When I've found a good heatrange I will change to Bosch WR5DC+ or WR6DC+ depending on results.

*What plugs are you all running, along with engine specs?*


----------



## StealthVR6GTI (May 1, 2002)

*Plugs*

Glad to see you started this thread, I was just searching the Tex for a plugs thread on the 8V's. I'm running a setup built for SCCA autox which is pretty mod specific. The compression is 11:1 with otherwise sotck internals. Converted to MKIII accessories (weight reduction and more amps), lighweight OEM pulleys (mix of G60 and VR6), Lightened flywheel, 3 puck unsprung clutch, Eurosport Race Header with 2.25 TT setup. I'm running around 26degrees advanced and have been playing around with different timing and fuel mixture watching the results on my wideband. 

My current set is starting pretty hard - needing probably 15-20 cranks at half gas pedal. I'm troubleshooting this down to either ignition or fueling issues....

On the ignition front I was going to start playing around with different heat ranges. 

These are Bosher Super R6362's...


----------



## Glegor (Mar 31, 2008)

those plugs look to be burning PERFECT tho..

nice brown coating is what you want. nice and even.


----------



## Seax_Smith (Jun 1, 2007)

Not overly interesting ABA/Digi Hybrid. Runs best on NGK BR6ES @.028 with Bosch cap, rotor, coil and STI wires.

Neither the head nor block have been decked/planed. Head has a lot of miles on it with no real rework. Not positive what the compression is. Intake mani is "dremeled-to-gasket" on both head and TB sides.


----------



## StealthVR6GTI (May 1, 2002)

*More Plug input please!*

Great input guys - I believe the NGK BR6ES is still a heat range 6 which should roughly match what I'm running with the Bosch Supers. Has anyone really played with running different heat ranges?

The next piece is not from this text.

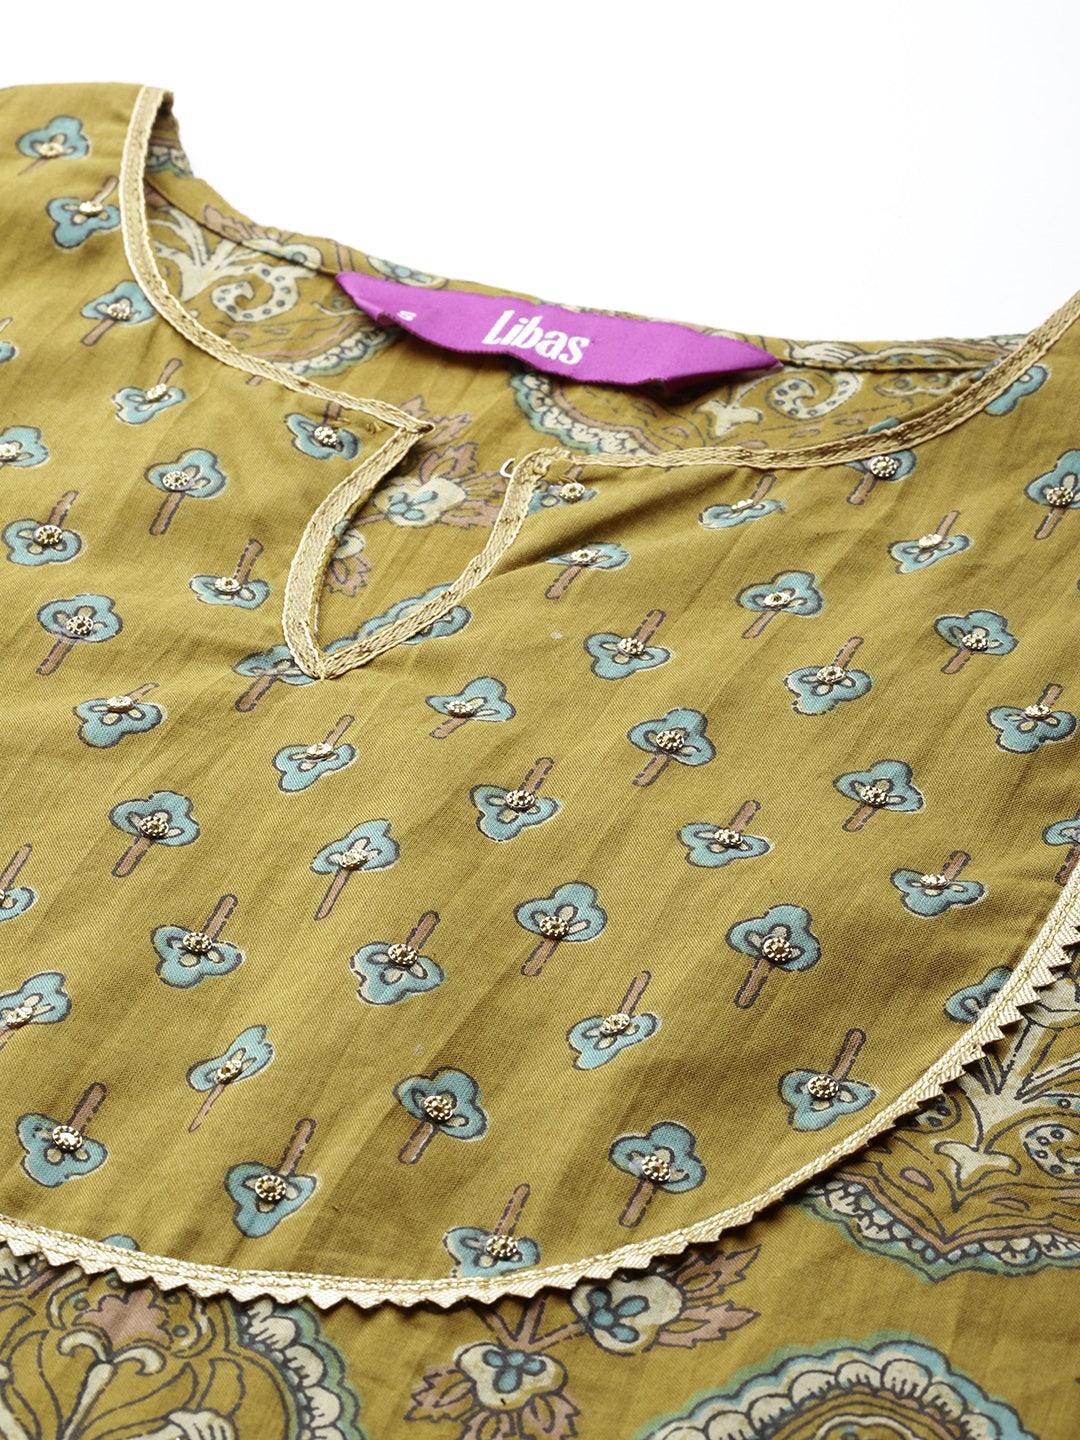 Mustard Printed Cotton Anarkali Kurta With Trousers & Dupatta - Libas

I'm going to try a different set at Autozone today and was curious...


----------



## StealthVR6GTI (May 1, 2002)

*More Plug input please!*

Great input guys - I believe the NGK BR6ES is still a heat range 6 which should roughly match what I'm running with the Bosch Supers. Has anyone really played with running different heat ranges? I'm thinking one range hotter might improve it's runnability and power. Also looking at possibly backing off the timing advance a bit from it's 23degrees I'm running now...


----------



## StealthVR6GTI (May 1, 2002)

*Updates*

I'm gonna try two things on mine this weekend. I'm picking up an upgraded coil as the factory one is likely original and quite worn out. I'm also going to try going one heat range hotter on the plugs and see what that does for it... Keep you posted.


----------



## krayzkrn (May 31, 2008)

StealthVR6GTI said:


> Great input guys - I believe the NGK BR6ES is still a heat range 6 which should roughly match what I'm running with the Bosch Supers. Has anyone really played with running different heat ranges? I'm going to try a different set at Autozone today and was curious...


These are similar in heat range to Bosch WR7DC+ I believe. I'm running an ABA/JH and would love more info. I assume colder plugs wouldn't hurt.


----------



## ny_fam (Apr 3, 2004)

I've run Bosch WR7DC+ Bosh Supers in my built GTI 1.8L, Static 10:1 CR, with 272 cam. I believe my dynamic compression is just under 9:1. 93 octane fuel. I believe I'm running 32 degrees total advance.
The GTI distributor has 26 degrees max centrifugal advance at 4500 rpm, + initial is set 6 BTDC
Distributor is 026 905 205D

Ran a well, plugs look like the Boshe Super R6362's above not sure what the fuel is set to, wideband not connected yet.


----------